Cette heureuse suspension de longues et sanglantes hostilités était, de l’aveu commun, l’ouvrage de Mazarin. Il n’y avait qu’une voix sur sa patience, son courage, son habileté. Il avait servi tout le monde et n’avait trompé personne ; tardive mais bien douce récompense de tant de courses, de fatigues et de soucis ! Le jeune diplomate se félicitait d’avoir pris cette brillante revanche d’espérances si souvent déçues et des injustes soupçons de Louis XIII et de Richelieu. Ce premier et beau succès lui fit sentir tout le prix de l’activité et de la constance, lui apprit que le temps est l’allié des bonnes causes, et que, lorsqu’on a la conscience de poursuivre un juste but, il ne faut pas se laisser intimider par les obstacles qu’on rencontre inévitablement sur sa route. Nous verrons Mazarin pendant toute sa vie mettre à profit cette leçon : il en eut bientôt une occasion mémorable.

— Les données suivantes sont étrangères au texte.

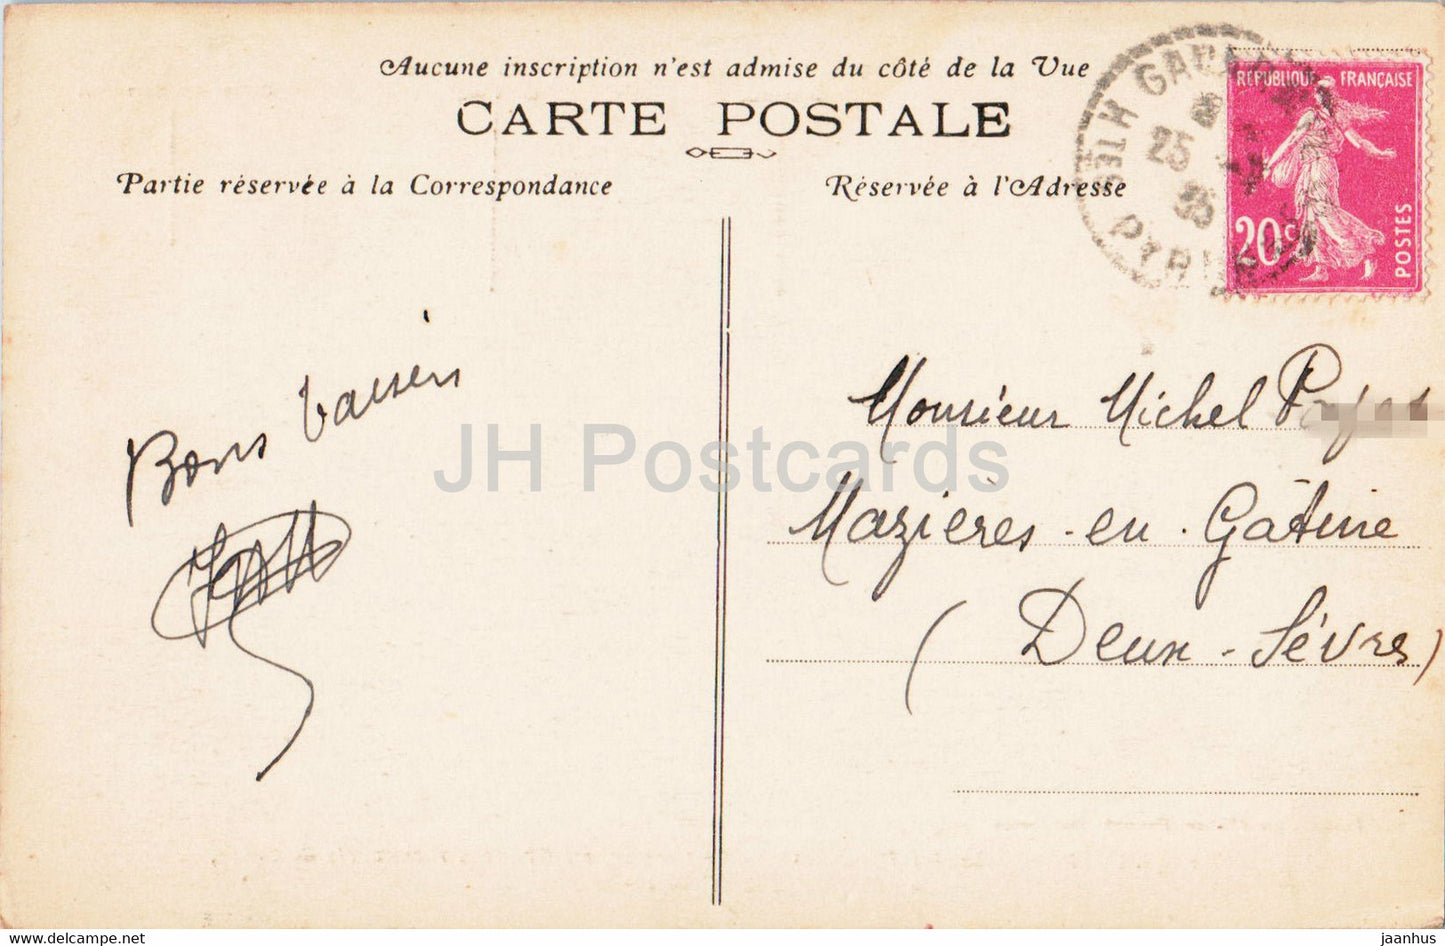 Gavarnie - Le Cirque ses Gradins recouverts de neige sa Cascade - 4 - old postcard - 1935 - France - used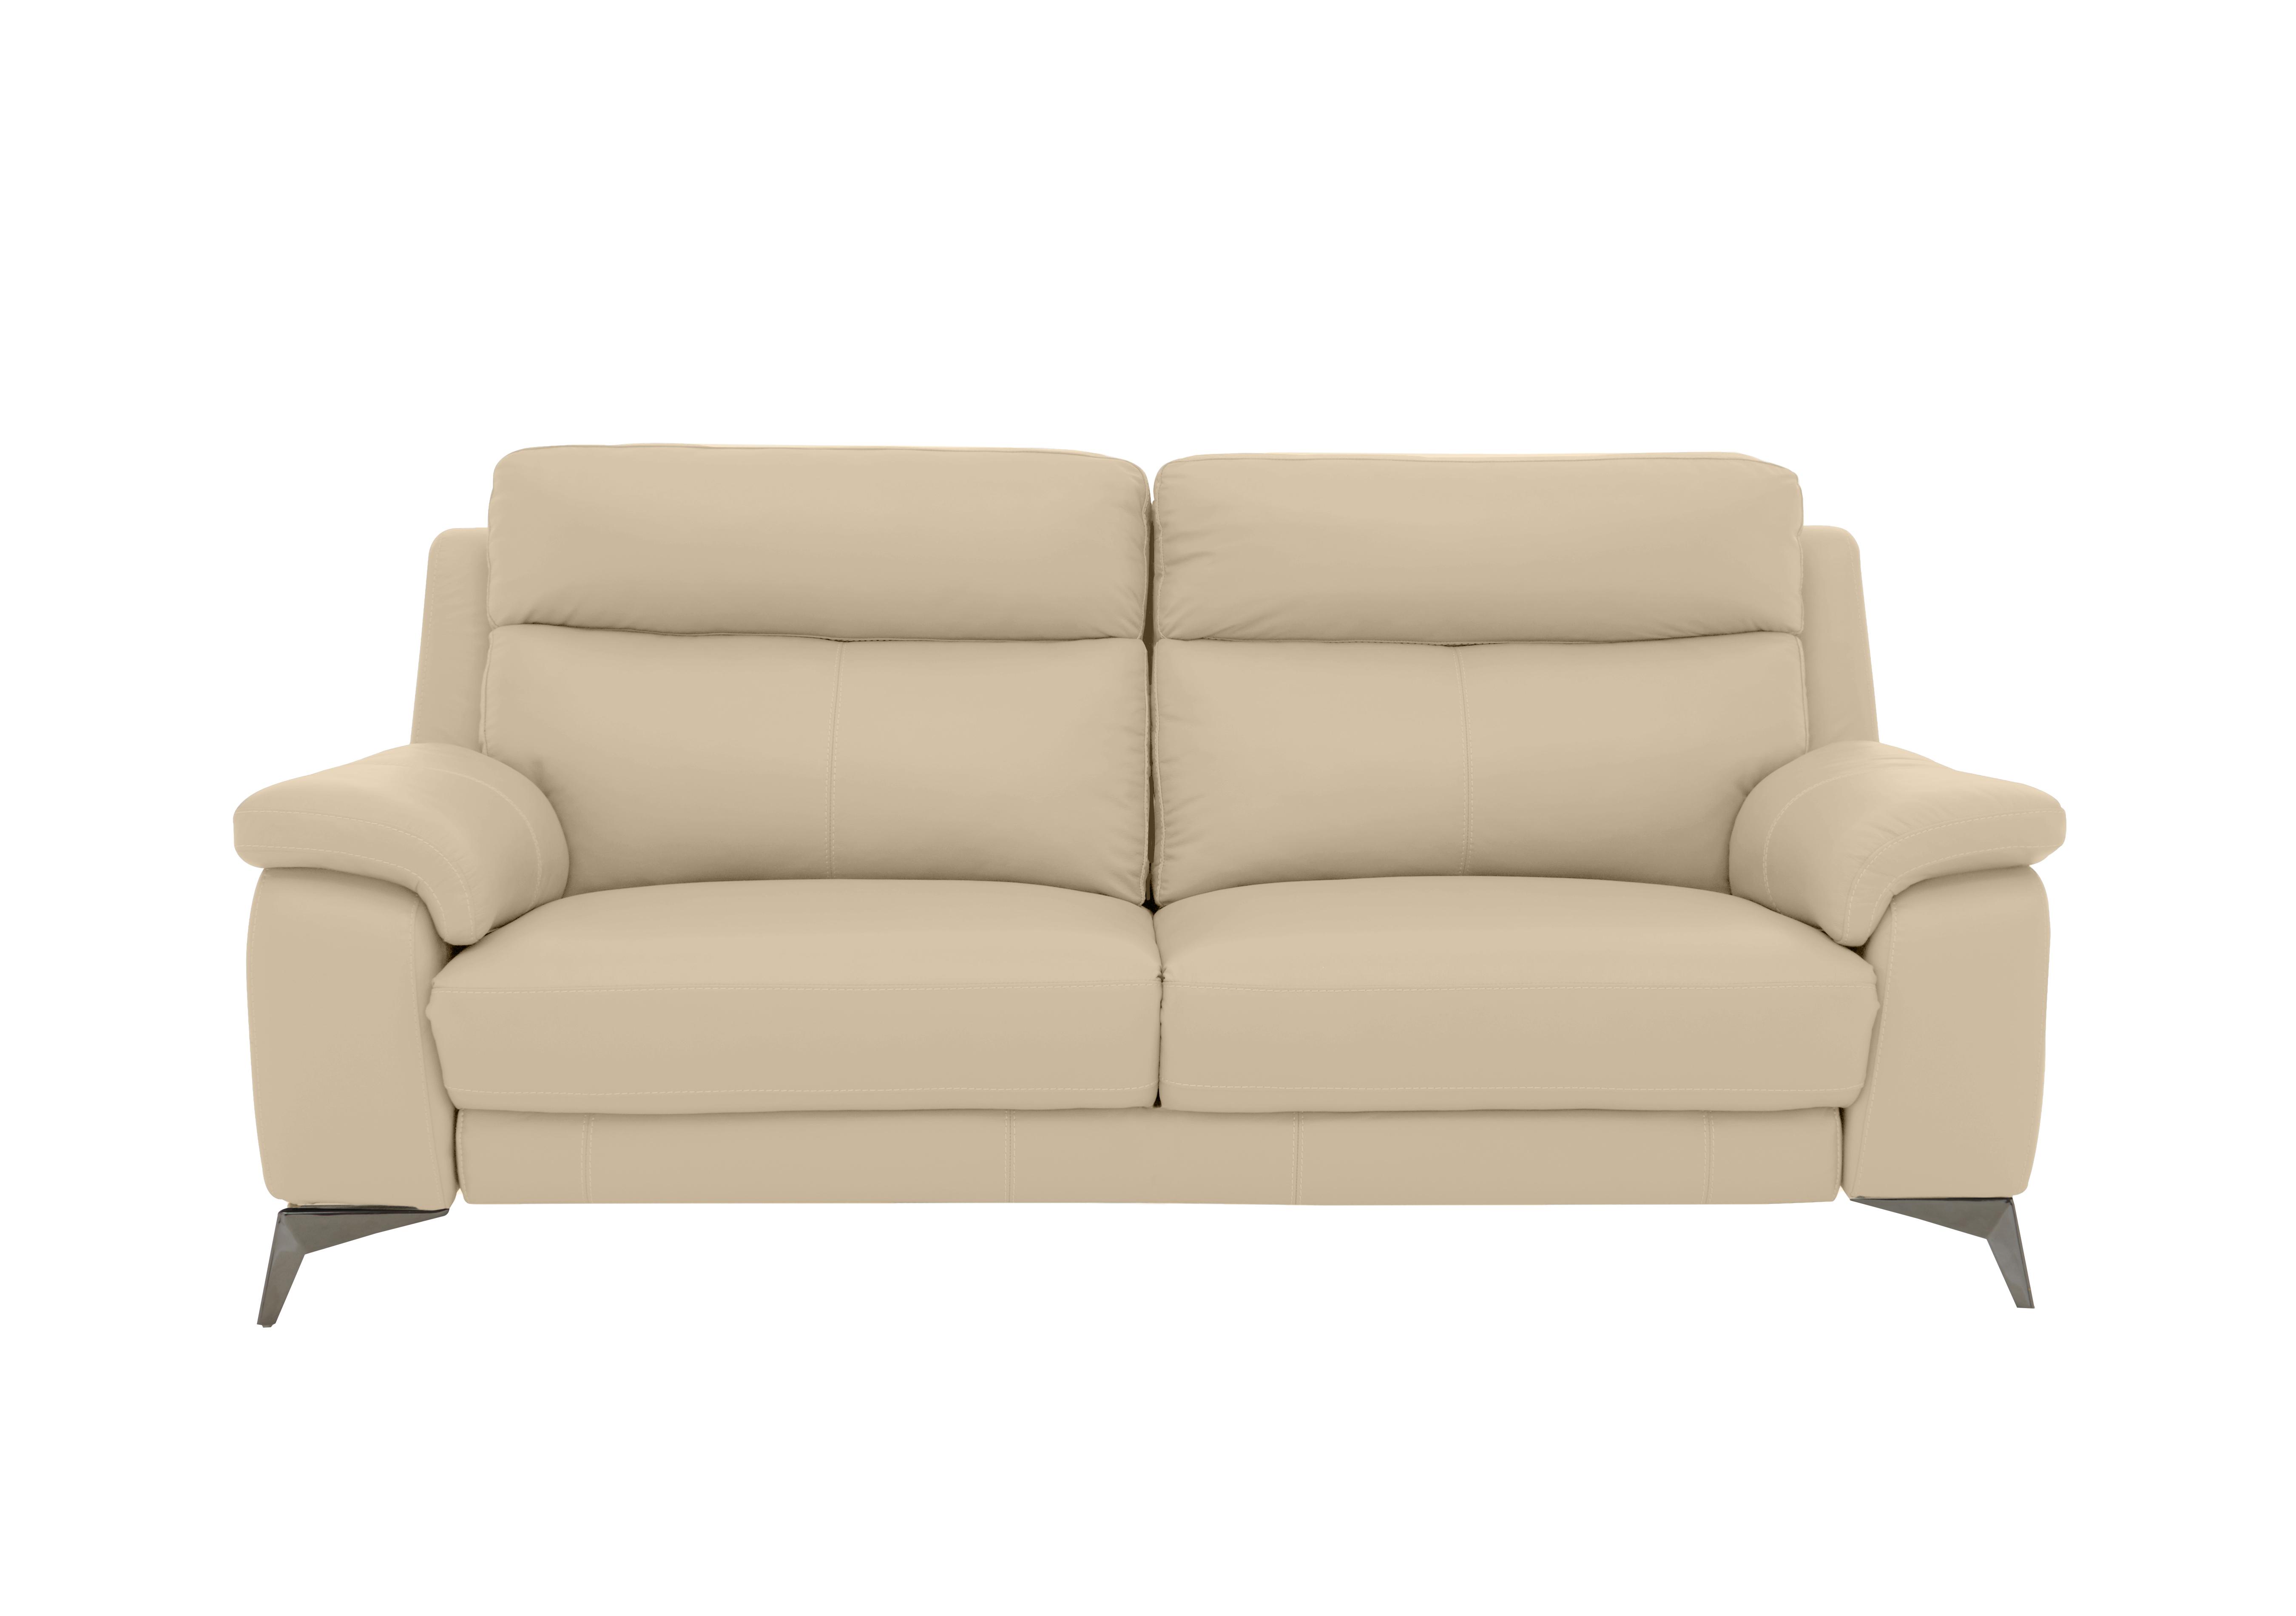 Missouri 3 Seater Leather Sofa in Bv-862c Bisque on Furniture Village

Louis XIII avait fini par tomber sérieusement malade à Lyon le 22 septembre, et pendant quelques jours il sembla près de sa dernière heure. Sa mort eût infailliblement précipité la France en de nouveaux troubles intérieurs qui lui eussent ôté ses forces dans la lutte difficile qu’elle soutenait avec l’Espagne et l’Autriche. Il importait donc, dans des conjonctures si menaçantes, de mettre fin à cette lutte, même à des conditions médiocrement avantageuses. Tel est le motif honorable qui porta le père Joseph, le véritable chef de notre légation de Vienne, le digne lieutenant diplomatique de Richelieu, à conclure à la hâte à Ratisbonne, le 13 octobre[1], avec

  1. Voyez le père Griffet, t. II, p. 39.